Paleo BBQ Chicken Nachos (Nightshade-free, AIP)

paleo nachos


Craving Paleo nachos? This grain-free version uses sweet potato chips & has two options for nightshade-free homemade BBQ sauce!


Most women probably don’t eat a plate of nachos two weeks prior to their wedding, but I did. Why? Because they’re freakin’ made of fruits & vegetables.


If you haven’t gotten your paws on Jackson’s Honest Sweet Potato Chips you need to find a way. Hatch a plan. If it involves a getaway car and a Brazilian alias, don’t feel ashamed. They truly are THAT good.


If you want to go about it in a legal manner, just order a case from their website. I cannot do such a thing because I can easily (and have three times now) eaten an entire bag in one day.

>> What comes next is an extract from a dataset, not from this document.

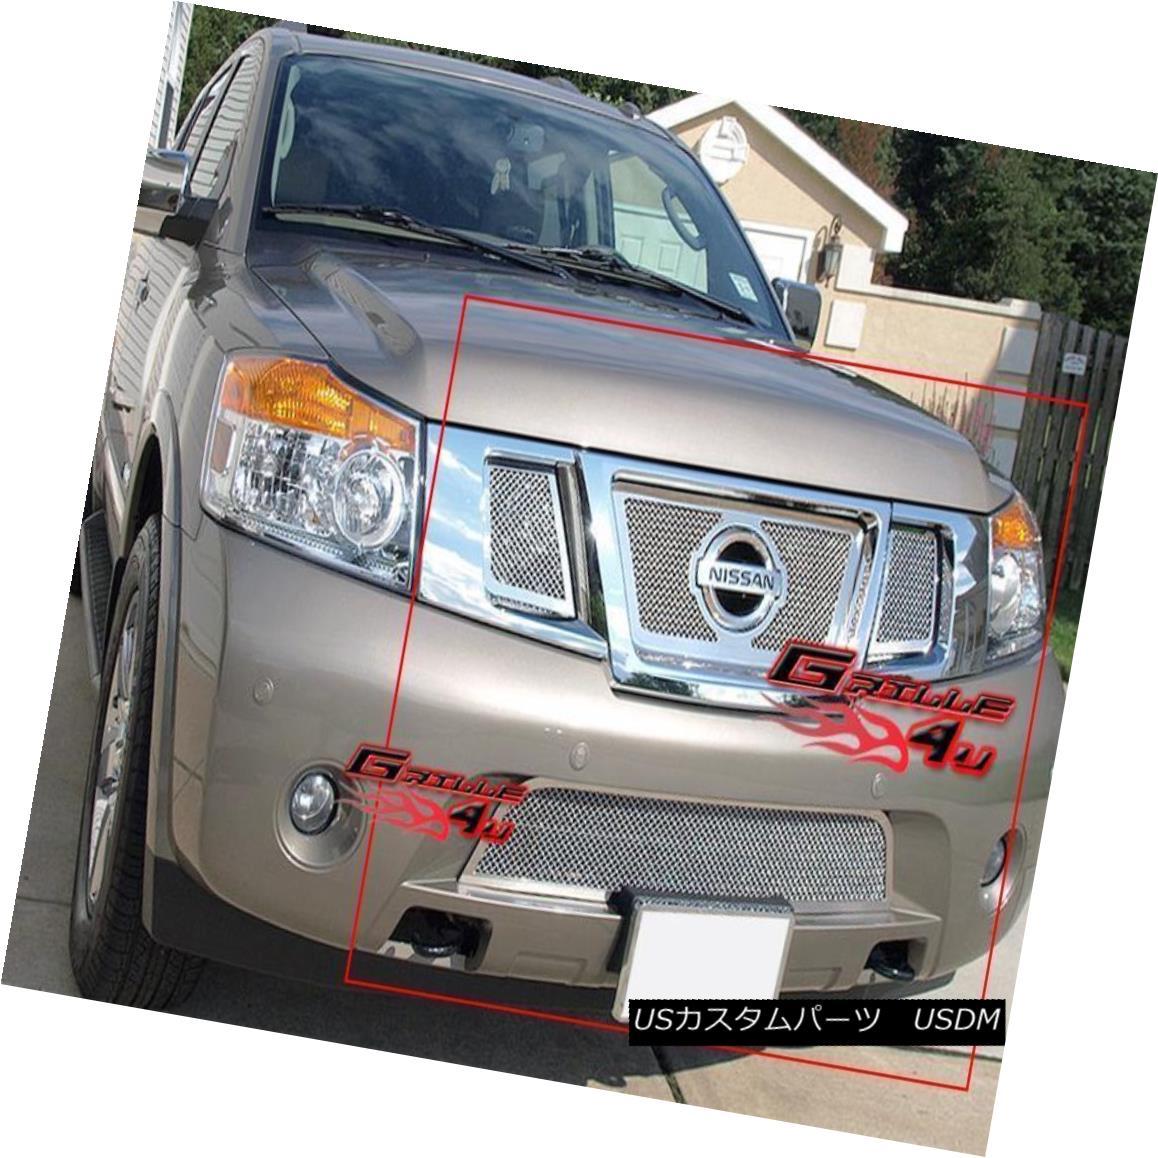 グリル Custom Fits 08-15 2014 2015 Nissan Armada Stainless Mesh Grill Combo カスタムフィット08-15 2014 2015日産アルマダステンレスメッシュグリルコンボ

I love BBQ anything. We used to grill all the time when I was little. My favorite foods were BBQ chicken, coleslaw, and steak.


Not much has changed actually. My favorite part of a BBQ meal is using the moist towelette. That lemony scent is very satisfying. I feel so clean after. Like I didn’t just eat a pound of meat.



Below I’ve given you two versions of AIP nightshade-free BBQ sauce! One is Tangy & Fruity made with cherries, plums, bacon, fresh thyme and a bit of honey! The second is Smokey Cherry-Thyme which is made without the plums and apple cider vinegar instead!




BBQ Chicken Nachos



Tangy n’ Fruity BBQ Sauce

10 red cherries, stemmed & seeded

2 red plums, pit removed, cut into chunks

½ tsp finely chopped thyme

½ T lemon juice

2 tsp honey

3 slices bacon, chopped

  1. In a small pan, bring cherries & plums to a simmer over medium-low heat. Stir in the thyme. Let cook for 10 minutes, periodically smashing fruit with a wooden spoon.
  2. Once fruit has cooked down, stir in lemon juice & big pinch of salt. Pour into a blender to cool.
  3. Add chopped bacon to pan and cook over medium heat until fat is rendered and bacon is crispy. Remove the bacon from the pan and set aside. Pour 2 T bacon fat into blender. Blend until pureed into a smooth sauce. Adjust salt to taste.



Smokey Cherry-Thyme BBQ Sauce

1 ¼ cups pitted and halved cherries

1 tsp finely chopped thyme

1 tsp lemon zest


1 T honey

Salt, to taste

3 slices uncured bacon, chopped

  1. Bring the cherries to a simmer in a small pot over medium-low heat. Once they start to release some of their juices (3 minutes or so), stir in the chopped thyme and lemon zest.

  2. Let reduce for 5 more minutes and now add in your apple cider vinegar, coconut sugar, and salt (to taste).  Simmer for an additional 10 minutes periodically using a rubber spatula to break open the cherries. Transfer sauce to blender to cool.

  3. Cook the chopped bacon in the same saucepan until crispy. Set aside bacon pieces and pour leftover bacon fat into the blender with the cherries. Blend until pureed. Adjust salt to taste.



BBQ Chicken Nachos

1 cup cooked and shredded chicken thigh

2-3 oz Jackson’s Honest Sweet Potato Chips (or your own)

  1. Preheat oven to 350 degrees. Toss ¼ cup of the BBQ sauce with the chicken thigh.
  2. Lay sweet potato chips on bottom of plate or pie dish. Top with chicken, bacon pieces & additional BBQ sauce. Bake in oven for 6-8 minutes until warmed throughout. Serve topped with chives & organic sour cream if you do dairy.